The characteristic of Gen AI Edge Computing that defines its benefits is the lessened distance collected data must travel to be processed. Conversely to the above user flow, within Edge Computing, the Gen AI model is stored directly on (or near) the user’s device. Thus, once the input data is collected, it’s already effectively where it needs to be to get processed by the artificial intelligence. As a result, latency is greatly reduced (since the data’s required travel time is negligible), offline capabilities are enabled, Inference costs are all but removed (due to computations being executed on the local device itself), and the data stays private and secure (since it practically cannot be intercepted).

Edge Computing & Apple Intelligence

Apple’s aim for its Generative AI integration is to serve as a powerful and versatile intelligence system. In contrast to more pointed applications of Gen AI that optimize around executing a small subset of use cases very well, Apple devices are designed as a starting point for a wide variety of user interactions.

As the conversational entry point for such multifaceted products, Apple Intelligence performs many tasks. These tasks include (but are not limited to) completing context-specific basic actions, synthesizing context-specific information, and responding as accurately as possible to any user query. Importantly, Apple Intelligence integrates with Apple devices’ OSs, thus giving its Gen AI the ability to tap into the information and capabilities of both 1P and 3P applications.

In order to appropriately assign tasks to AI models, Apple Intelligence must consider the tradeoff between the model complexity enabled by Cloud-Hosted Gen AI and the reduced latency enabled by Edge-Hosted Gen AI. Given such a broad range of tasks Apple Intelligence can handle, the level of model size and complexity these tasks require is similarly diverse. While simply leveraging the largest and most computationally expensive Gen AI models would maximize the chances that user queries are accurately and acceptably answered, this methodology would come with significant drawbacks. Because cutting-edge Gen AI models cannot fit onto local devices and require more compute, their optimized response quality comes at the expense of increased latency, security risks, barriers to accessibility, and marginal costs. These costs are either incurred by the product team or passed onto the customer, which will be detailed further in an upcoming article (coming soon).

For many Gen AI output responses, optimizing primarily for the quality of response outputs is unnecessary. In fact, responses that successfully perform a user’s use case can be achieved by non-cutting-edge models for the majority of Gen AI scenarios.

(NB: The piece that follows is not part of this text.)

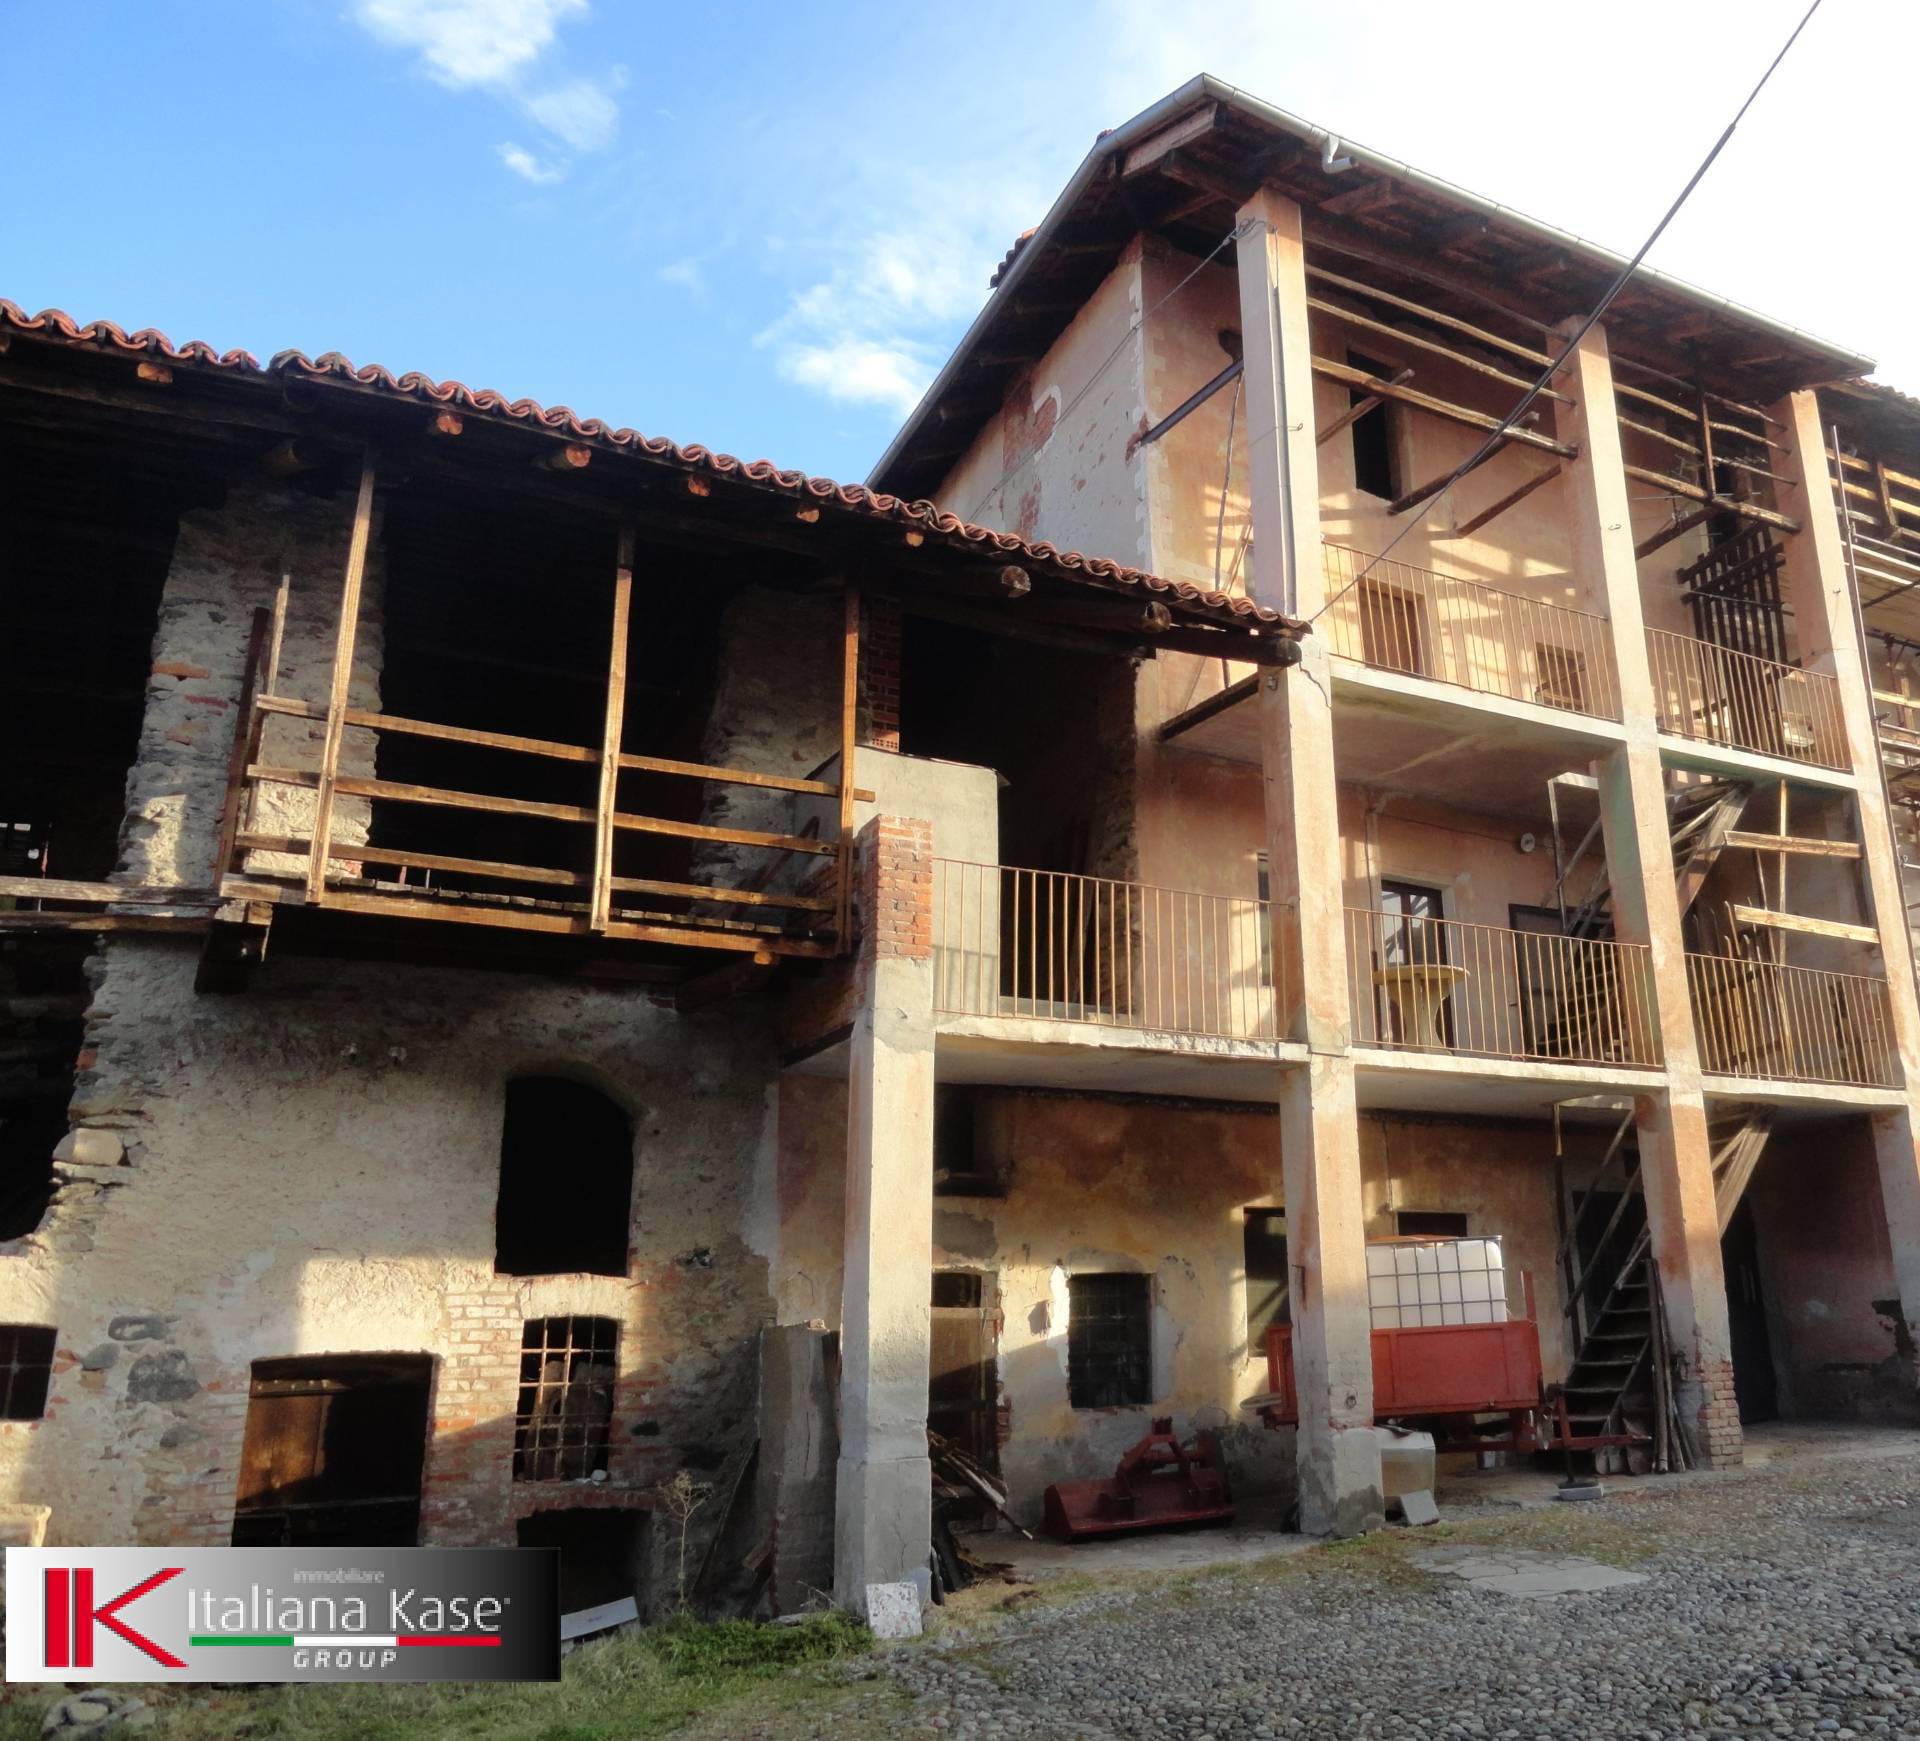 Rustico / Casale in vendita a Cuceglio, 6 locali, prezzo € 32.000 | PortaleAgenzieImmobiliari.it

If an answer does reach this “acceptability threshold”, then there are diminishing returns from any marginal improvements in response quality, making it best to instead optimize for the aforementioned additional variables (performance, marginal costs, offline accessibility, and privacy/security).

Apple’s Gen AI integration follows this schema through Model Routing (via a layer of Orchestration). In this context, Orchestration refers to a Gen AI model call used to identify the user’s intent and then using said intent to route a user’s prompt to a specific model (i.e. Model Routing). The Orchestration layer aims to determine the smallest Gen AI model that can reliably output an acceptable response, thus successfully completing a user’s use case while optimizing for performance, marginal costs, offline accessibility, and privacy/security. For more information about Model Routing and Orchestration, reference this article.

To illustrate Apple Intelligence’s Model Routing methodology, as well as the overall benefits and drawbacks of Gen AI Edge Computing, see the diagram below:

Note that the concept of an “Acceptability Threshold” used in this article is a simplification. In reality, different Gen AI queries have varied needs that cannot be encapsulated in a single metric of quality or acceptability. For example, a smaller AI model (that generally has a low Acceptability Threshold) may be optimized around text summarization, thus being able to handle complex summarization tasks that a larger, more versatile model could not.

On Device Models

Referencing the above diagram of Apple’s Gen AI implementation, when a user’s prompt is inputted, Apple’s Orchestration layer identifies this prompt’s intent and aims to route it to the most suitable AI model for Inference. Ideally, a query can be handled by less capable/versatile on-device models due to their lower latency, offline capabilities, and higher privacy and security.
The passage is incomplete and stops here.